Mehrbod_Estaki · October 28, 2019, 12:27pm

Hi @hesongbing,
If you have already tried that combination then there is no point in trying mine.
At this point, like I said, you could just move forward with what you have since your lowest sample still has over 7k reads which is fairly good for most datatype.
If you do run only your forward reads (and set a safe truncating value like 200) you should see a significant increase in # of retained reads. The downside is that you lose some resolution as far as taxonomy goes but those differences are rarely ever detrimental to an experiment imo. The overall patterns of your results should stay the same. So you would be pretty safe with either approach.

hesongbing · October 28, 2019, 12:50pm

Hi @Mehrbod_Estaki

Thanks for your patience in answering my questions!

The minimum reads is only 7k, but the maximum reads reached 37k, I just afraid the results will be inaccurate if I resample it with the minimun reads.
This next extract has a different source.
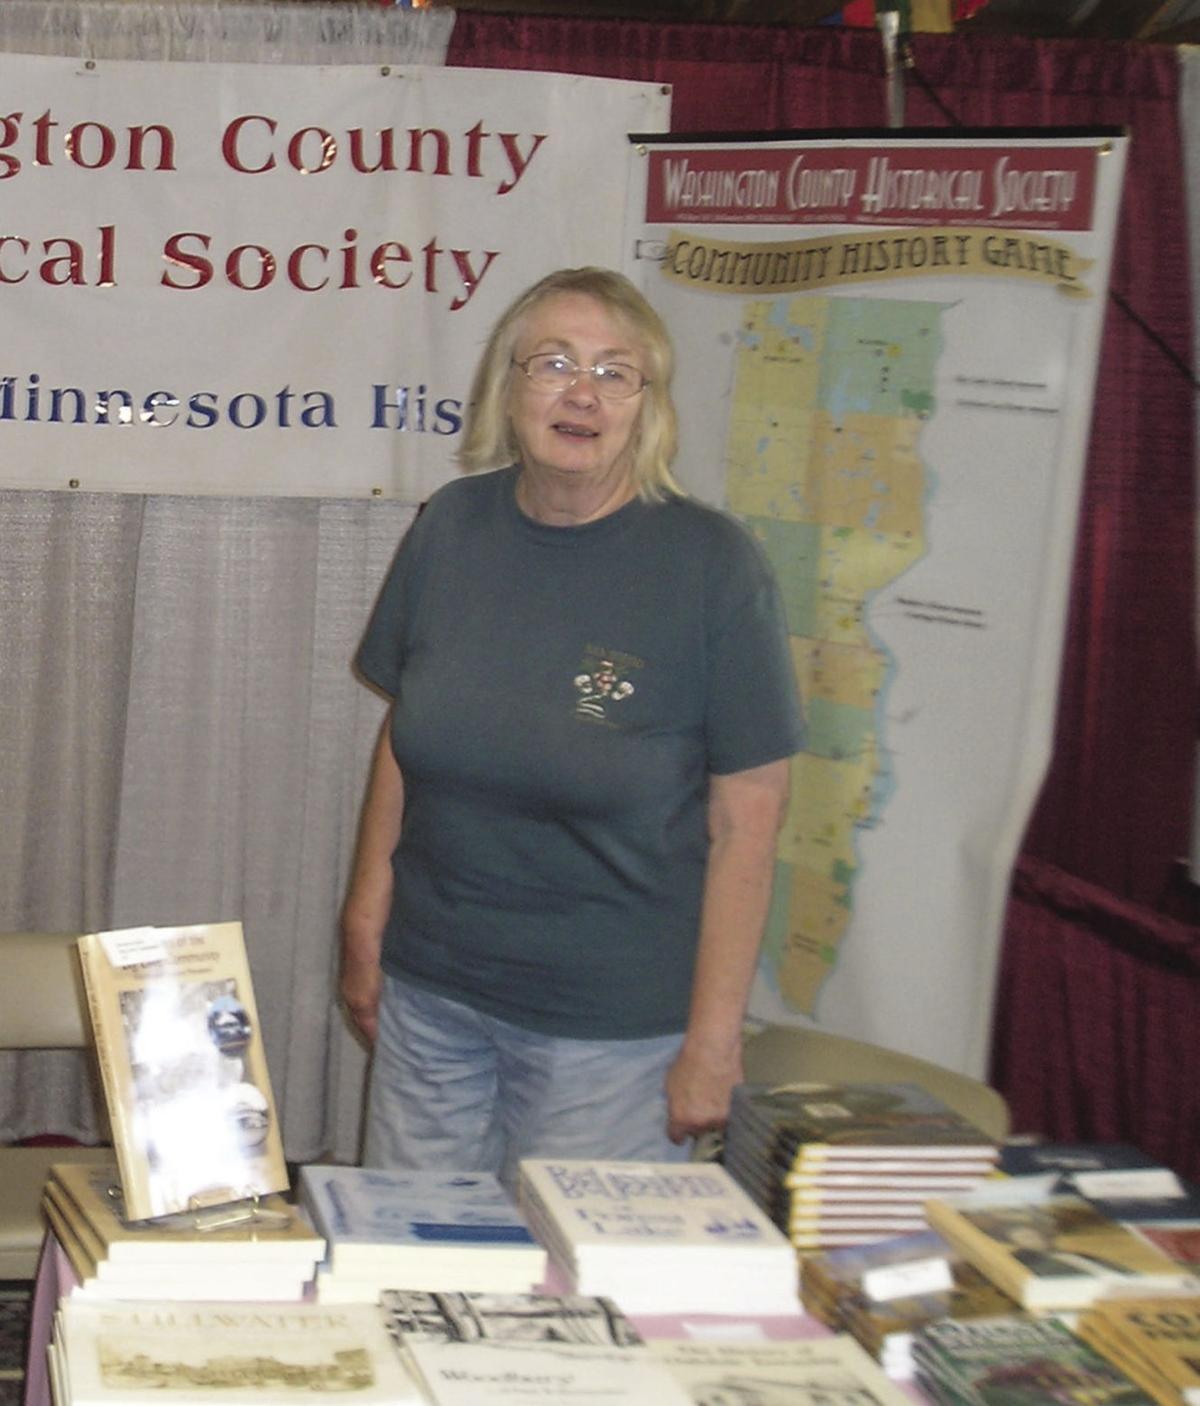 Goodman Nancy at the County Fair.jpg

ben · October 28, 2019, 1:23pm

I think your first run looks pretty good, yes you're losing 66% of your reads, you may be able to recover some more, but you likely are getting rid of bad quality sequences that you don't want in your samples anyway. Can iI ask you what kinds of samples are these? Are they samples with heavy eukaryotic contamination?

hesongbing · October 28, 2019, 1:30pm

Hi @ben
These are 16S of soil samples and there is almost no eukaryotic contamination.

ben · October 28, 2019, 1:32pm

Hm, thank you for the clarification, did you run a positive control with your runs? You can check if there's something wrong with the run just in case (e.g., a failure w/ the positive control would suggests there was something wrong with the # of sequences you recovered). I am unfamiliar with the V4V5 region so I am not sure if this recovery si typical for your recovery. Ben

hesongbing · October 28, 2019, 1:40pm

@ben
Sorry, which do you mean about positive control? I only trimmed primers before dada2.

ben · October 28, 2019, 1:42pm

Oh, sorry I meant a positive sample where you know the exact composition (such as a culture). We run positive controls of a mock group of bacteria where we can confirm there was nothing that went wrong with our run (upstream of the QIIME2 analysis).

This is just in case there was a problem w/ our run (familiar of primers/polymerases), etc. It's ok if you did not, I would just run the rest of the pipeline w/ your DADA2 results to see what you get.

Ben

hesongbing · October 28, 2019, 2:05pm

@ben
Thank you for your patience in answering my doubts!

I didn't run positive controls. I dealt with ITS of fungi in the same way, and the results are pretty good with minimum reads of 20k.

ben · October 28, 2019, 2:07pm

Great, I don't think you have much to worry about with the reads being filtered out by DADA2, I have similar loss in a "good" run of the 16S v3v4 region (we loss 50-60% of the sequences at the DADA2 denoise step) and the data at the end looked great (supporting our hypothesis). Ben

hesongbing · October 28, 2019, 2:12pm

@ben
Wow, how wonderful it is!
I will move forward with the results of my first run. Wish I am as lucky as you.

system · November 28, 2019, 8:17pm

This topic was automatically closed 31 days after the last reply. New replies are no longer allowed.